The campfire got brighter as we got nearer. At that, it was quite a distance. It wasn’t an Indian fire. I could tell that when we were a quarter of a mile away.
We reached the illumination after a while and we could see four black shadows between us and the firelight.
I called, “Halloo!”
The four black silhouettes scrambled into motion that was as abrupt as though I’d dropped a bombshell into their midst. I could see hands tugging weapons from holsters.
“They aren’t desert men,” I said.
I heard Ed Kaplin grunt assent.
Then, abruptly, the figures scattered into the darkness on either side of the fire.
“But they’ve got a desert man with them,” I went on.
And again I heard Kaplin’s grunt of assent. It was a cinch that a desert man, surprised when he was near his campfire, would never have remained outlined against the light of the fire — not if he’d been suspicious enough to go for a gun when he heard the hail. The fact that those men tugged out their guns, and then remained against the light of the fire showed that they were city bred; just as the fact that they moved with a swift unison which showed that some word of command had been spoken, indicated that some desert-wise man in the shadows had given an order.
That would mean five men in all.
I wondered if the one who had given the order might be Hoste-Ne-Bega.
“We’re friends,” I called.
“Well,” said a voice from the blackness, “come on in by the fire, and let’s have a look at you.”

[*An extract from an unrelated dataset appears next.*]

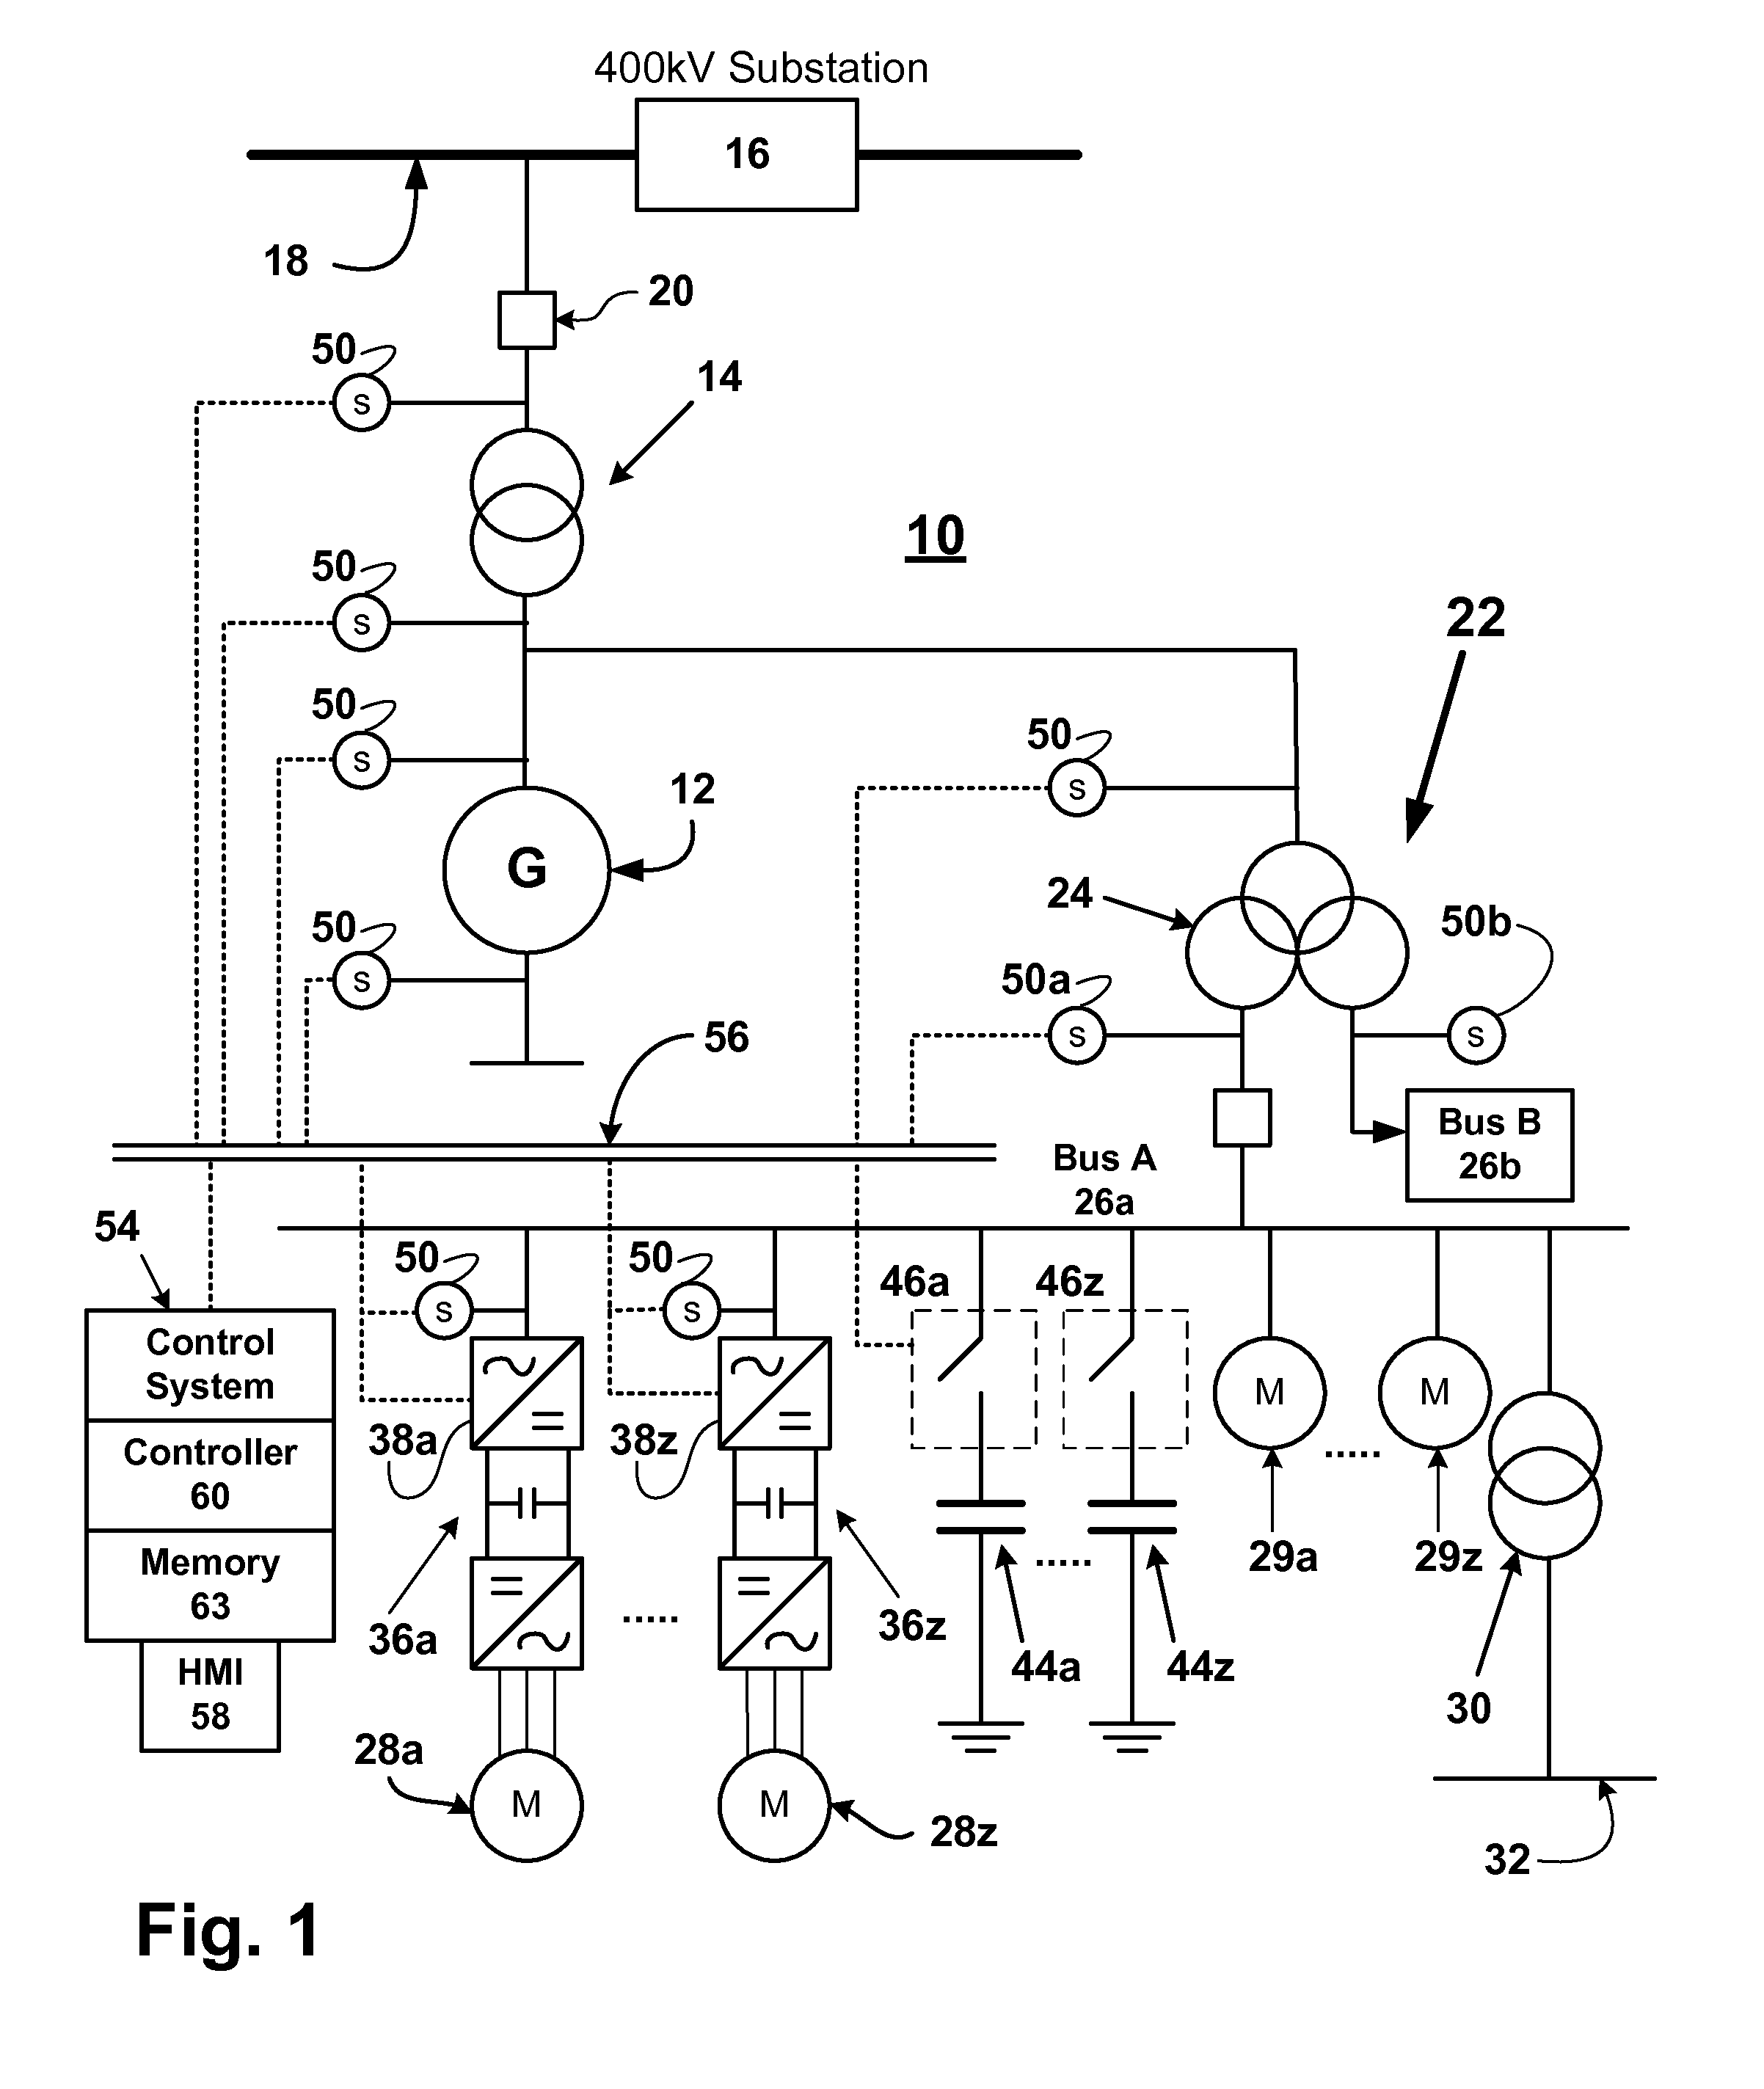 Method and apparatus for improving the operation of an auxiliary power system of a thermal power plant

I didn’t like the sound of that voice.
“They’ve heard my voice,” I whispered to Kaplin. “But they don’t know that you’re here. I’ll go on in with Bess. You stick around and wait until you’re sure that everything’s all right before you come in. If anything happens, you’ll have the drop on ’em from out here.”
He hissed a whisper that showed he understood, and Bess and I walked into the circle of firelight.

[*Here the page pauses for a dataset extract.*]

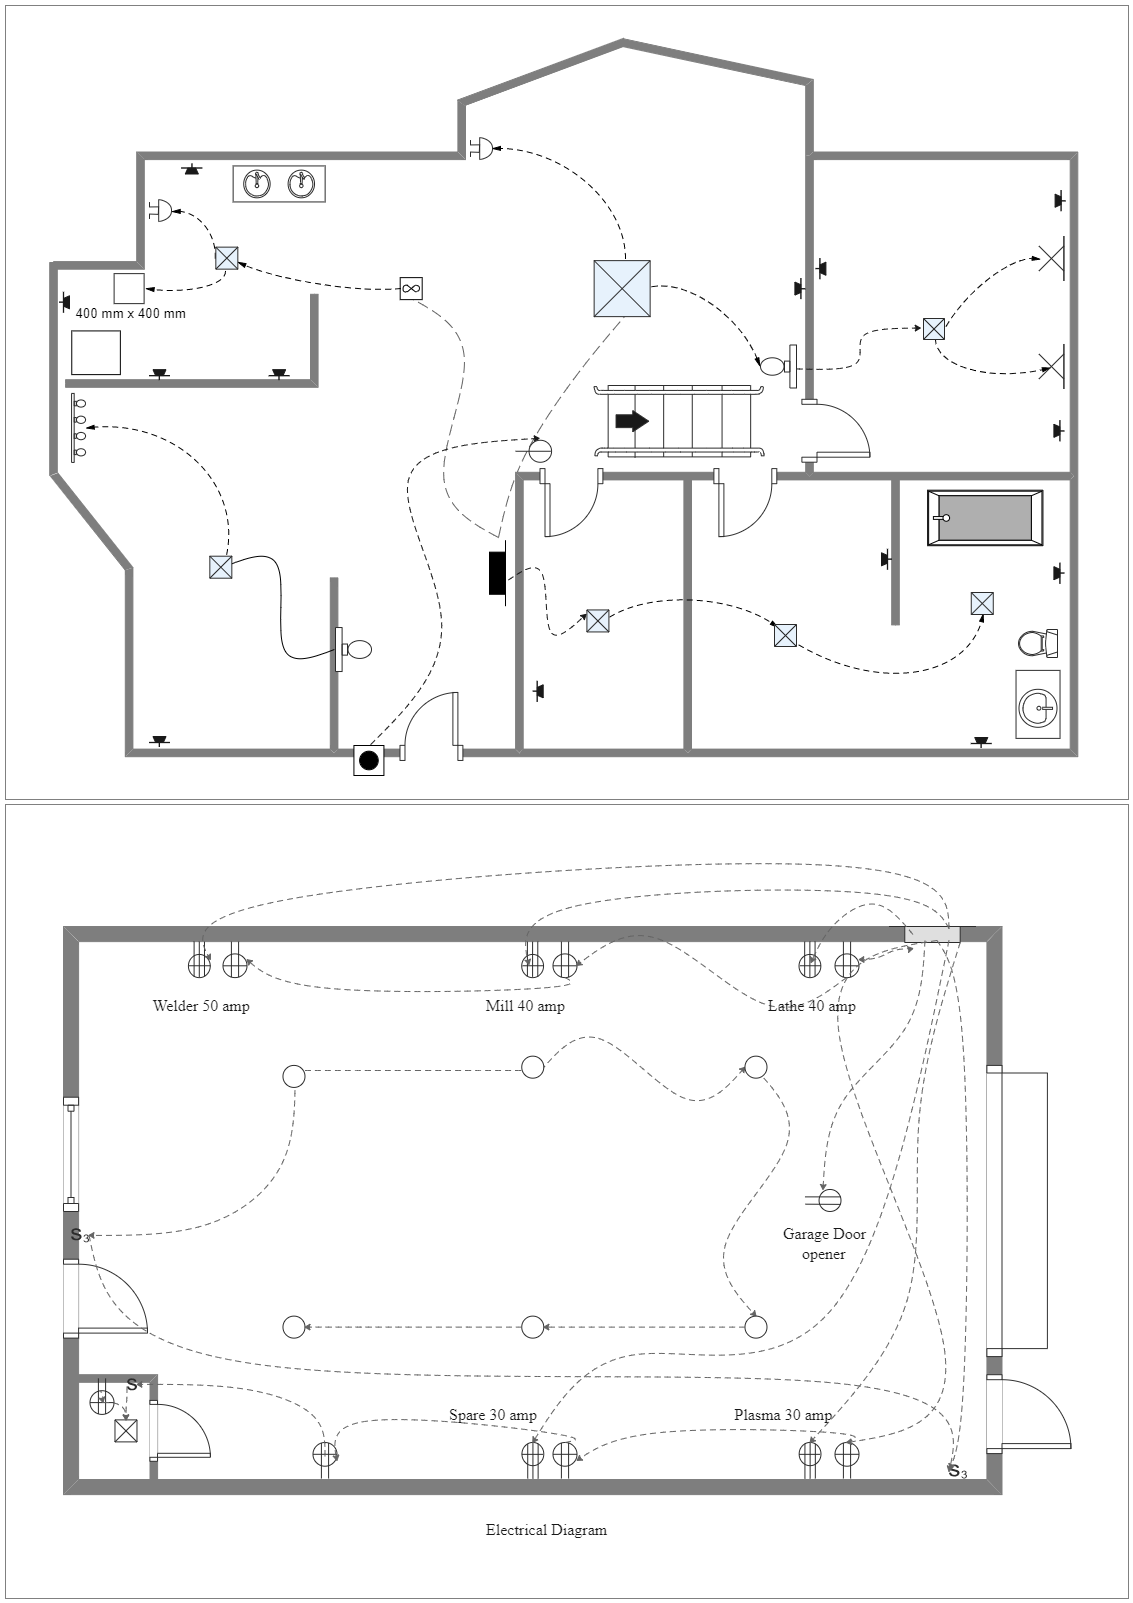 Here is a workshop floor plan for metal working. In simple terms, workshop layout is the art of planning and positioning machine tools, equipment, operator workbenches, assembly areas, storage areas (for raw material, associated items, and finished produc

After a while the men began to ooze in out of the darkness. They were a sorry looking lot. From the minute I saw them, I didn’t like them. They were of the city all right, but they’d been in the desert a while — long enough to allow their skins to become brown and to get over the first angry red which comes to the city born when they tackle the desert.

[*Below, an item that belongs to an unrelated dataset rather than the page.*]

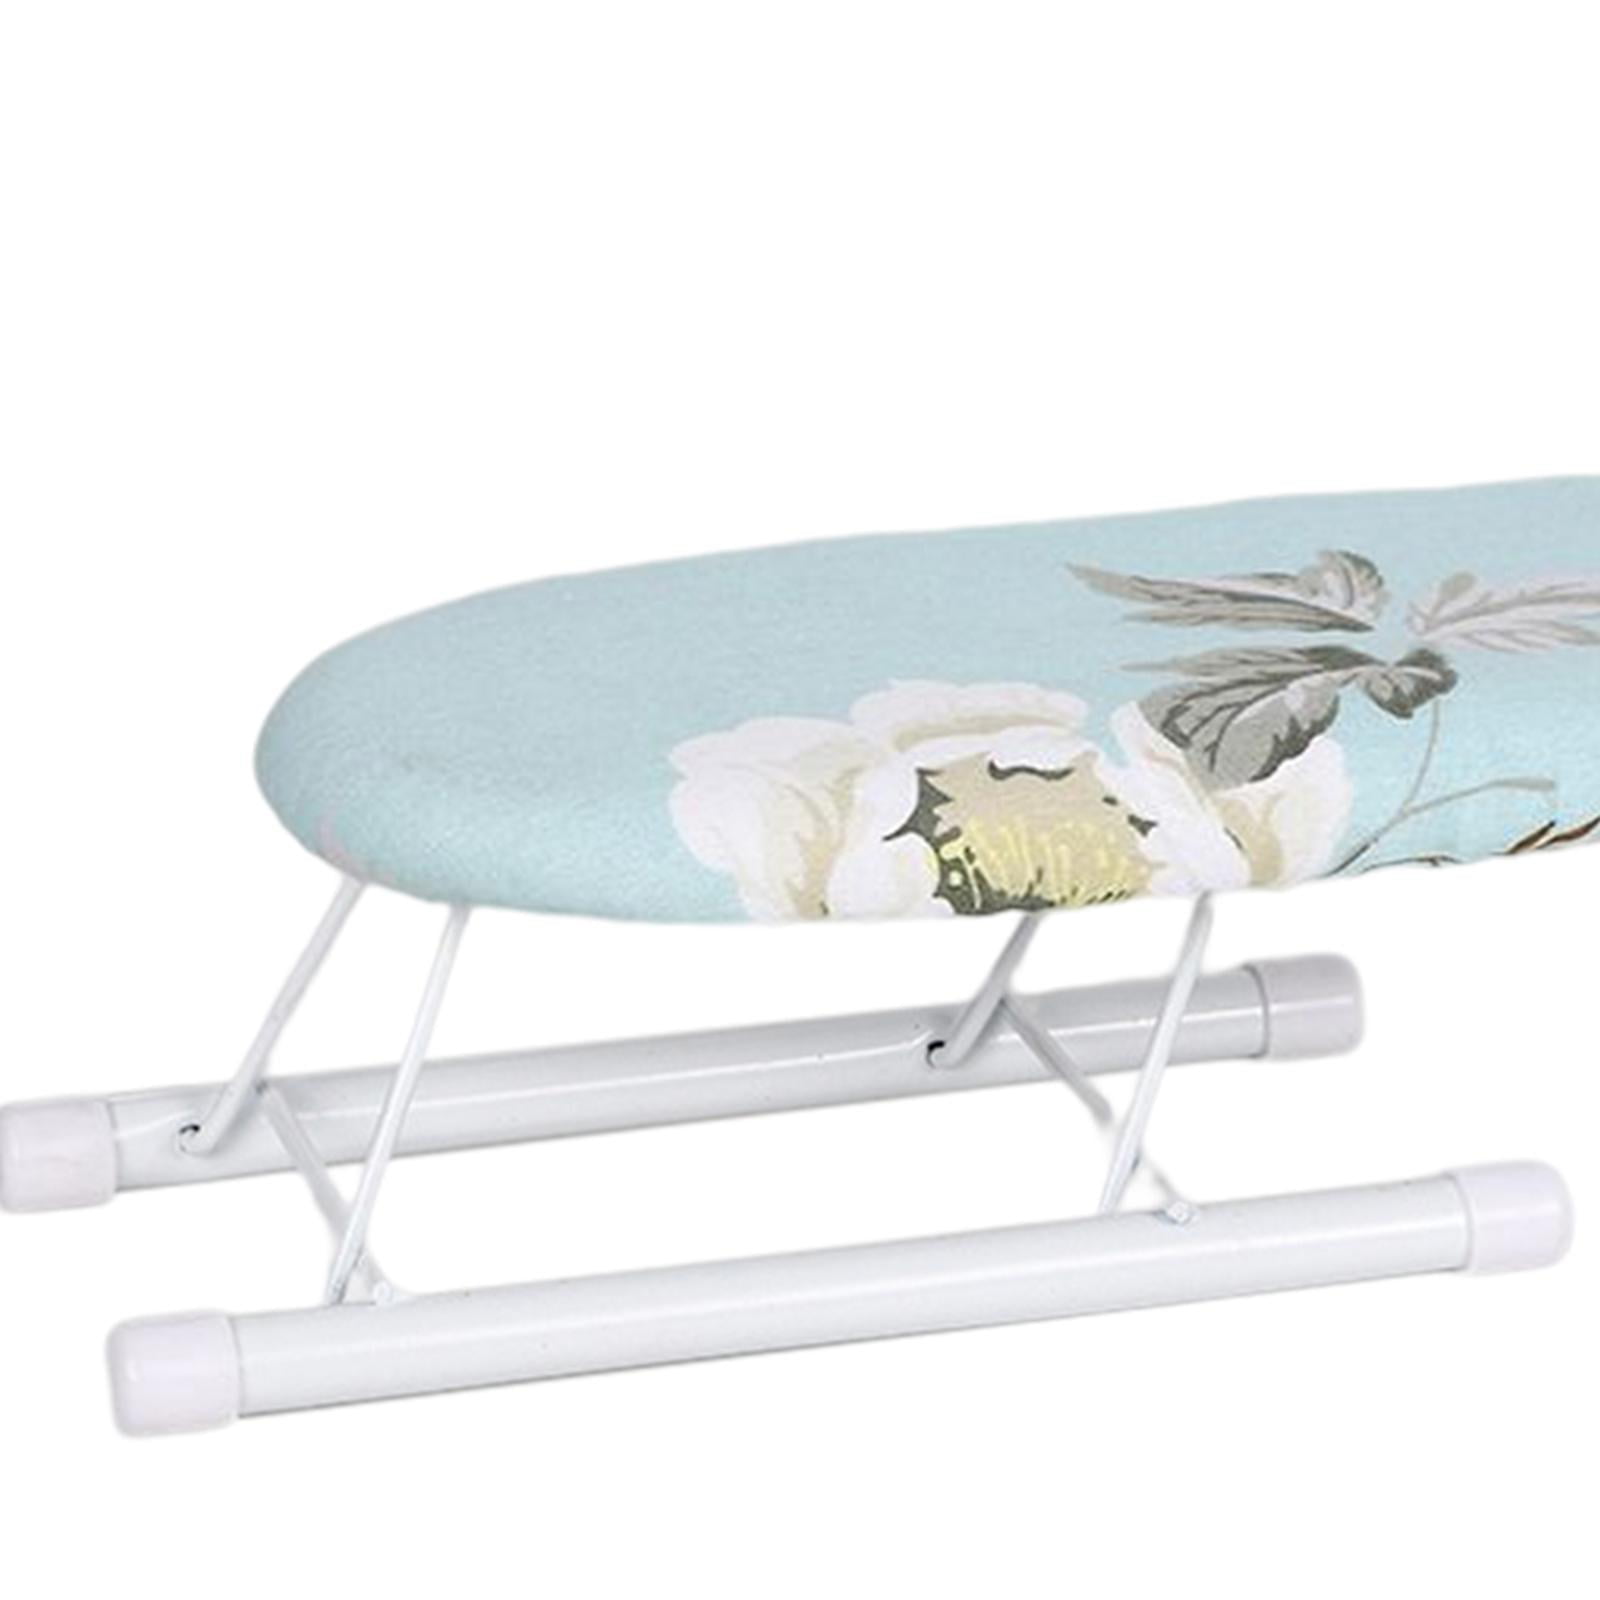 VEVOR Tabletop Ironing Board 23.4 x 14.4, Small Iron Board with Heat  Resistant Cover and 100% Cotton Cover, Mini Ironing Board with 7mm  Thickened

There were four of them, right enough. But there was another man who stuck out in the darkness. He must have been there, because it had certainly been a desert dweller who had sent them tumbling out of the firelight, and these four men were city men — definitely. I could tell it from their hands, from the way they stood around the fire, from the guns they used — automatics that gave lots of shots fast, but weren’t the guns a desert man would have used as holster weapons.
Not that we pack guns around in the open, when we’re around our fellow man. The old prospector may have a gun in a slick holster, worn black and smooth by years of use — when he’s out on the desert. If he’s going on a trip, when he thinks he may run into a claim jumper, he’ll have it with him pretty steadily. But for the most part the desert man will have his gun in his war bag, when he’s around his fellow mortals. A desert man would never make the mistake of going for his iron, and then remaining outlined against a campfire.
I had my own gun at my hip because I’d rather expected some sort of trouble, following the hunch Bess had. And she had stuck a gun down the front of her blouse. But neither of us were making any false motions toward the guns. When we pulled ’em there’d be action, and we wouldn’t stick around a campfire, either.
The men sat down on the sand, and they sat awkwardly. Bess dropped to a sitting position, light as a feather. I sat on my heels, the way of the desert man who’s making himself comfortable for a short visit.
“Looking for an Indian who’s supposed to be in these parts,” I said.
“Yeah?” asked one of the men swiftly. “What’s his name?” Bess told him the name. I wouldn’t have done it, not just then — not until the other man showed up, at any rate.